艦内烹炊所は甚だ狭隘で烹炊作業もまた困難であるばかりでなく、乗員も艦内空気の汚濁、身体の疲労等によって食欲も著しく減退するから、潜水艦糧食は一般兵食とやや趣を異にする。
即ち概ね調理法が簡単であって刺激性の調味料品を加えた食物でなくてはならない。
例えば、五目飯、オヂヤ、ライスカレー、粥食、葛湯等の様なものである。
その他、「ビタミン」の欠乏を補いまた食物の単調を防ぐため、果物、果汁、コーヒー、ココア、少量の酒精飲料等を添えて供するがよい。

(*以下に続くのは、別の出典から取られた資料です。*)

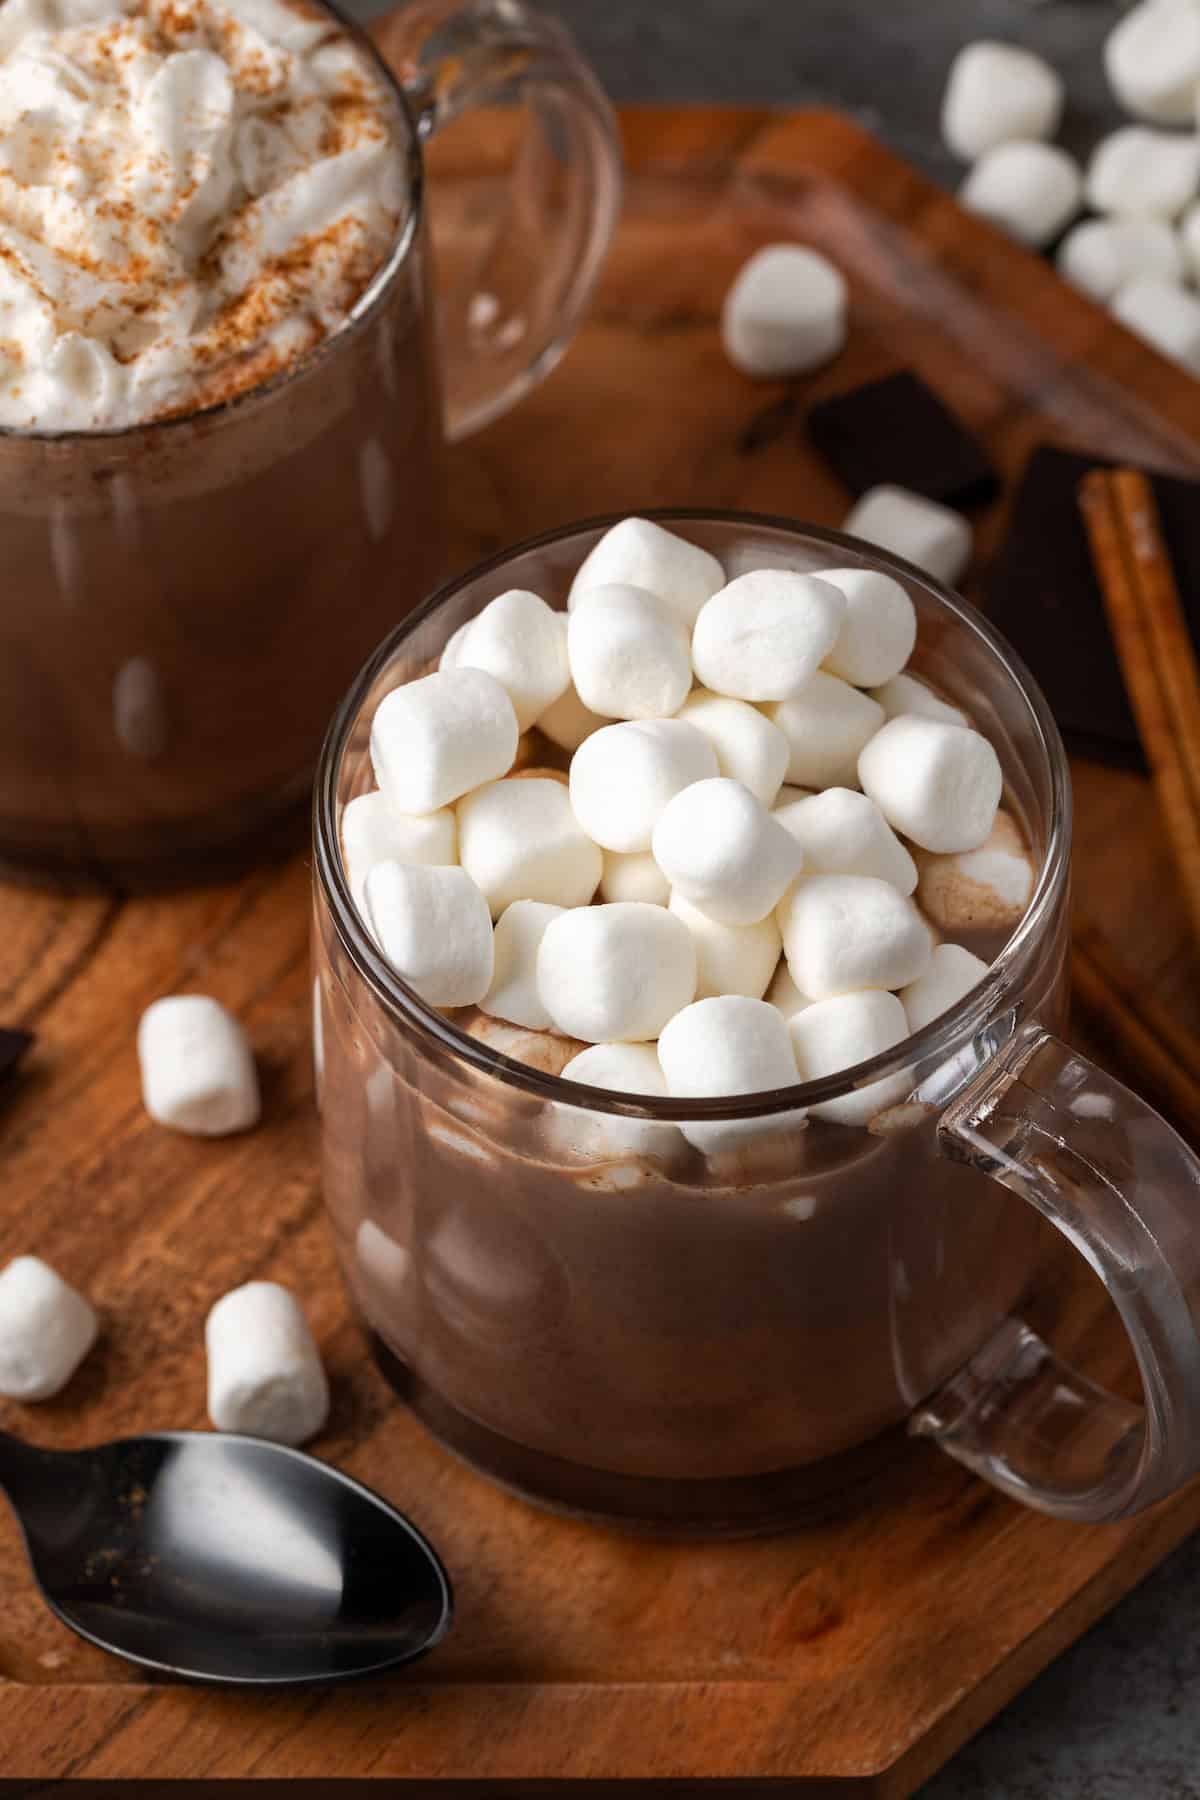 A mug of pumpkin spice hot chocolate topped with marshmallows next to a second mug garnished with whipped cream and cinnamon.

『海軍四等主計兵厨業教科書』第二章 調理法 第五節 特殊料理(第三 潜水艦航海食・序文)
材料
- 切身魚
- 林檎
- トマト
- 若芽
- 玉葱
- 青豌豆
- 酢
- サラダ油
- 片栗粉(または小麦粉)
- 塩
- 胡椒
- 砂糖
- 辛子
- ラード
準備
- 魚は一人一片に切り塩、胡椒を振って置く。
- 林檎は四つ割にして皮を剥ぎ、芯を取って小口から薄く切って置く。
- トマトは二つ割にして種子を絞り適宜に切って置く。
- 若芽は水に浸して軟らかくし適宜に切って置く。
- 玉葱は皮を剥ぎ薄く輪切りにする。
調理法
魚の表面に片栗粉を付け「ラード」で狐色に揚げ(又は焼くか茹でるか)、熱い内に油気を去り器の中に並べ、その上に前に作ってある林檎、トマト、若芽、玉葱、青豌豆等を上から振りかけ、別の器で酢、サラダ油、塩、胡椒、辛子、砂糖を混合し(辛子を多く入れる)調味して魚の上から掛け、一時間漬け(時々漬汁を掬い掛けながら)て供する。
注意
漬け込む器は酸化しないものを使用する。
『海軍四等主計兵厨業教科書』第二章 調理法 第五節 特殊料理(第三 潜水艦航海食・七)
参考文献
- 『海軍四等主計兵厨業教科書』:第二章 調理法 第五節 特殊料理(第三 潜水艦航海食・序文)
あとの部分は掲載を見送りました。